I don't need types - signa11
https://dmerej.info/blog/post/trying-mypy/
======
tabtab
The big problem I found with type-centric languages is that they end up using
long chains of types that are hard to reason about. With dynamic languages you
usually just have to "match a structure" and don't have a tree of type
dependencies to grok and/or tangle up your code.

Still I wish it were easy to check the basic type of parameters to avoid
surprises. I propose a series of characters to check basic types:

    
    
      # = integer
      % = decimal/floating number
      @ = date/time
      ~ = required (not blank or empty)
    

And it would be "parse-able as" rather than have a hidden type tag inside
variables[1]. That's why we don't need a string: everything can be a string.

Example:

    
    
      function foo(#myInt, ~@myRequiredDate, %myNumber, myString) {
         write(myInt, myRequiredDate, etc);
      }
    

See how compact that is? You don't need the markers inside the function body.

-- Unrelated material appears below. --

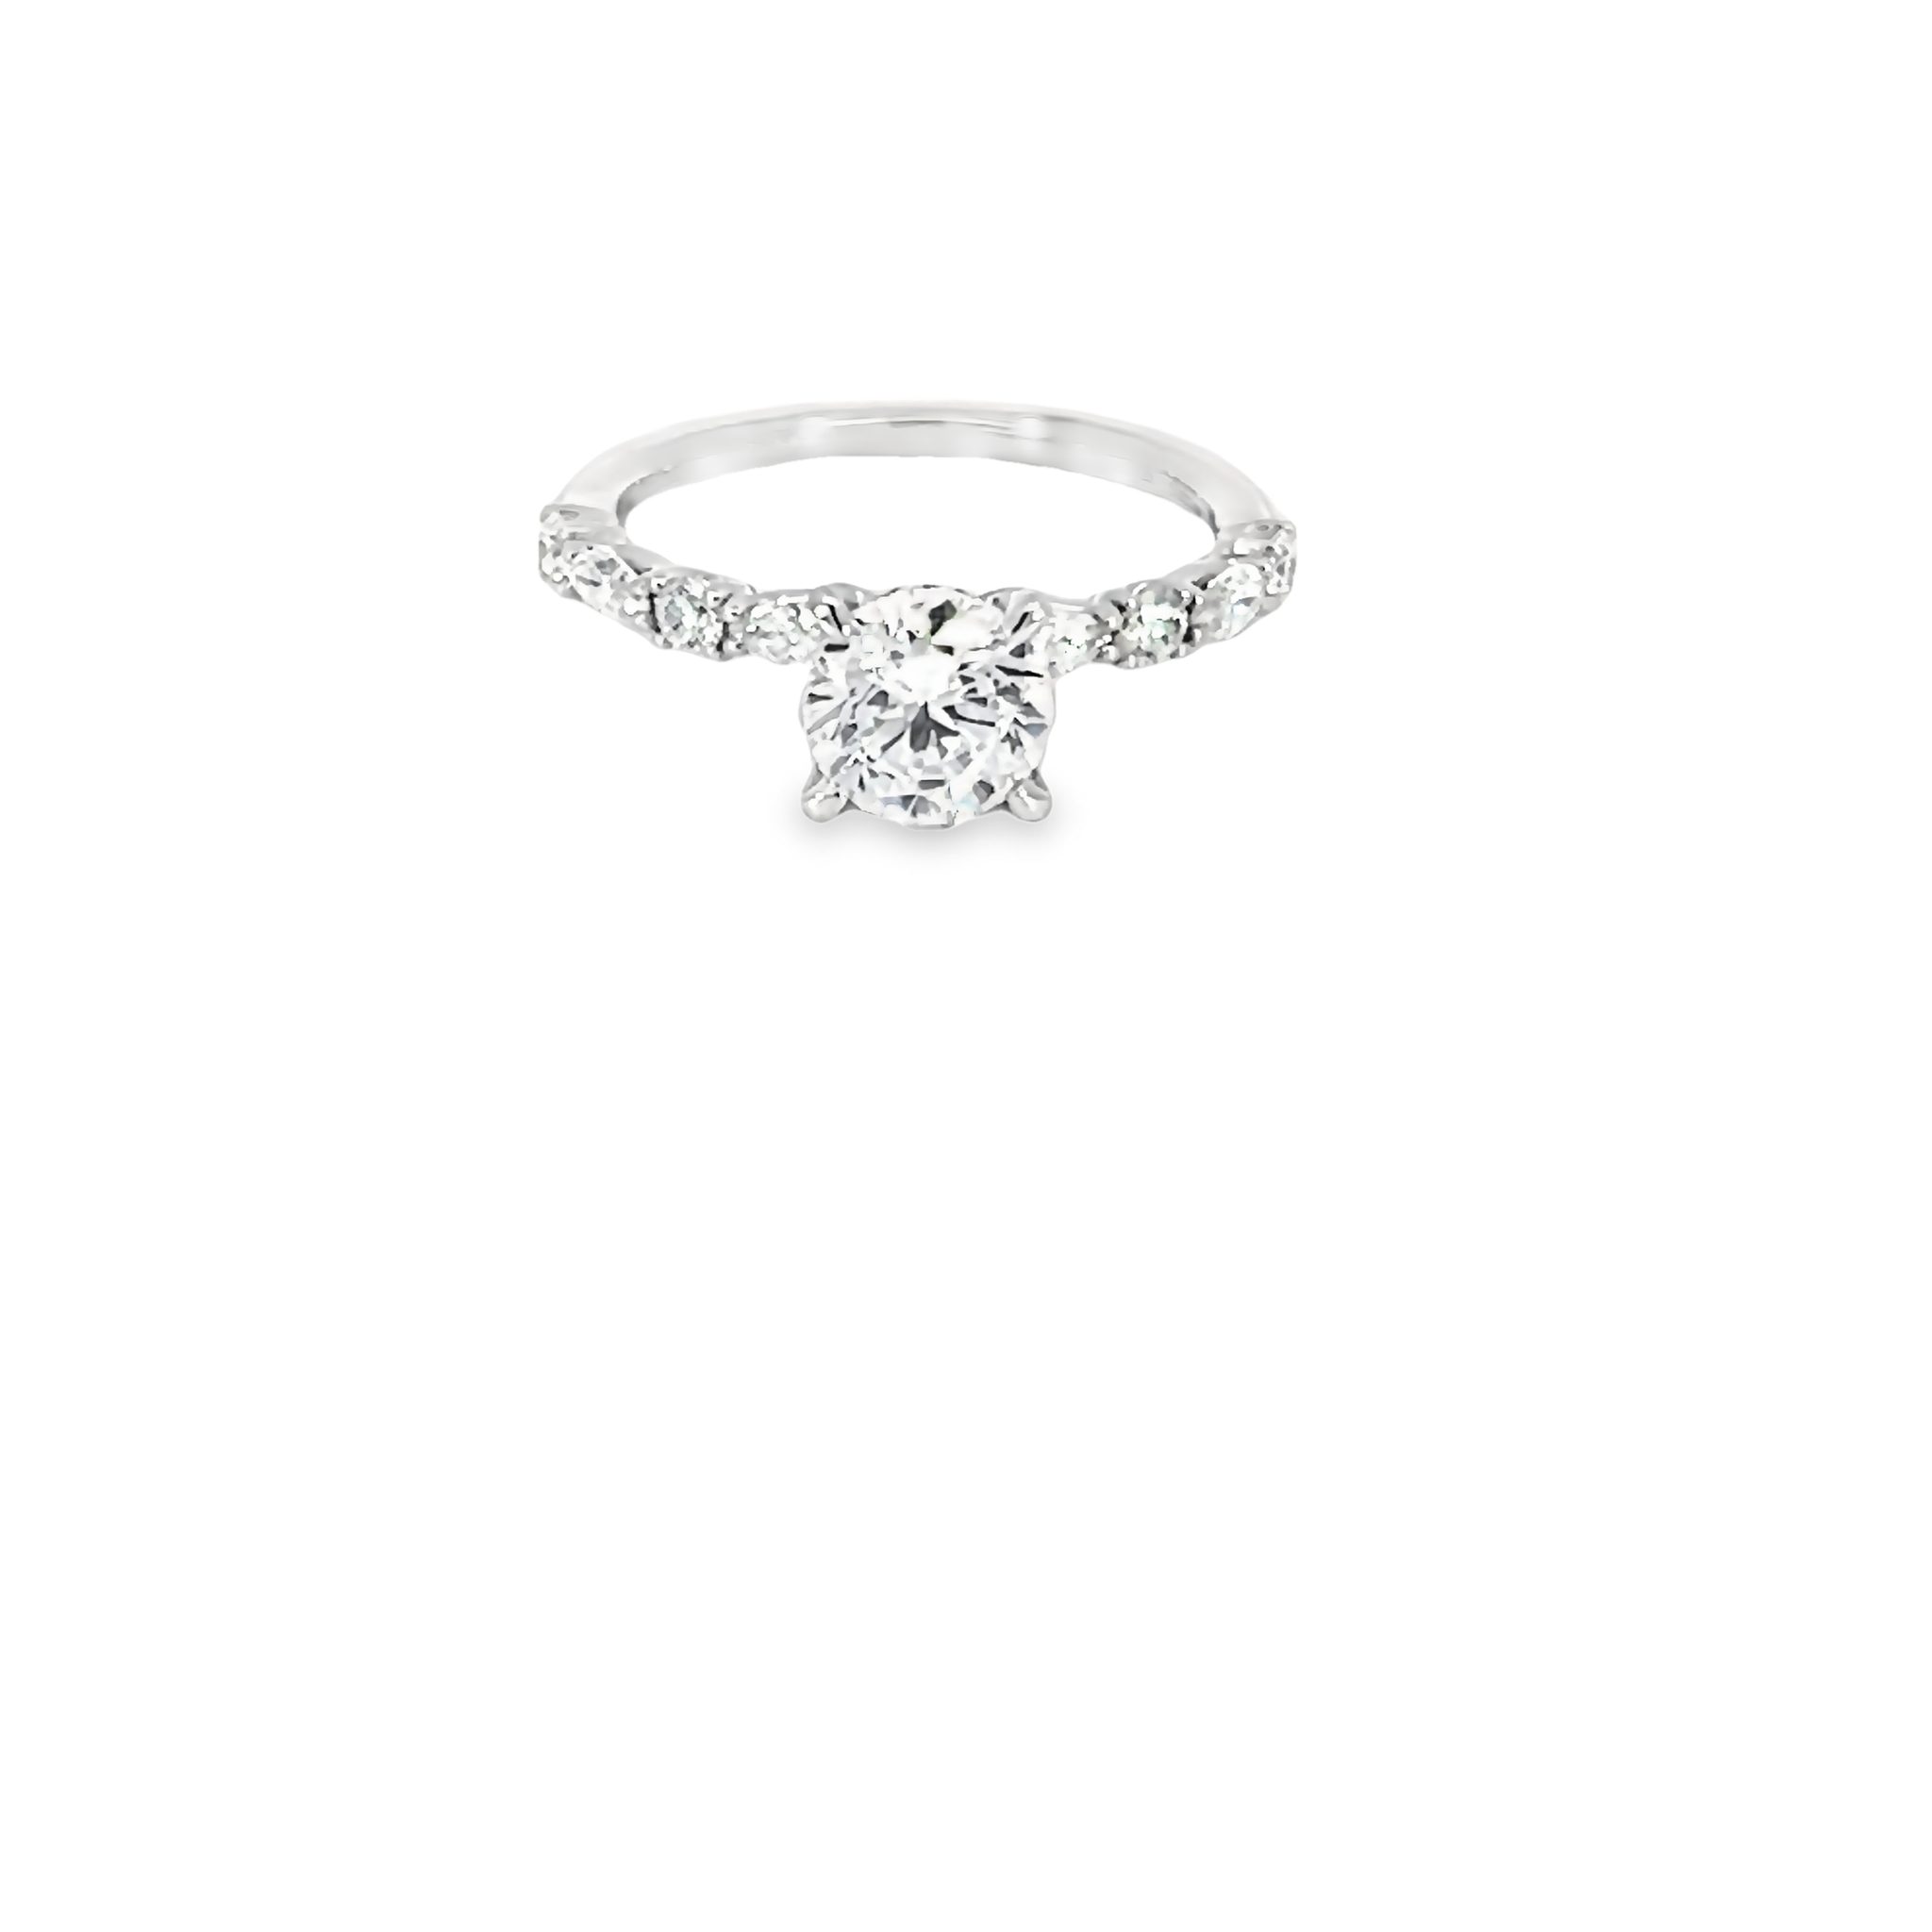 14 Karat White Gold Semi Mount Engagement Ring With 20=0.48 Total Weight Round Brilliant And Marquise G Vs Diamonds.  Size 6.25

[1] I'm against tagged typing, other than for internal optimization.
Essentially a programmer can think of every variable as a string, and types a
feature of fitting a format (parsing). Tagged types are hard to debug because
they are not WYSIWYG: you can't tell from the output what the tag is.

------
crooked-v
I really wish there was a Typescript mode that did Option/Result style stuff.
As it is, there's little to nothing to handle exception throwing or Promise
failures.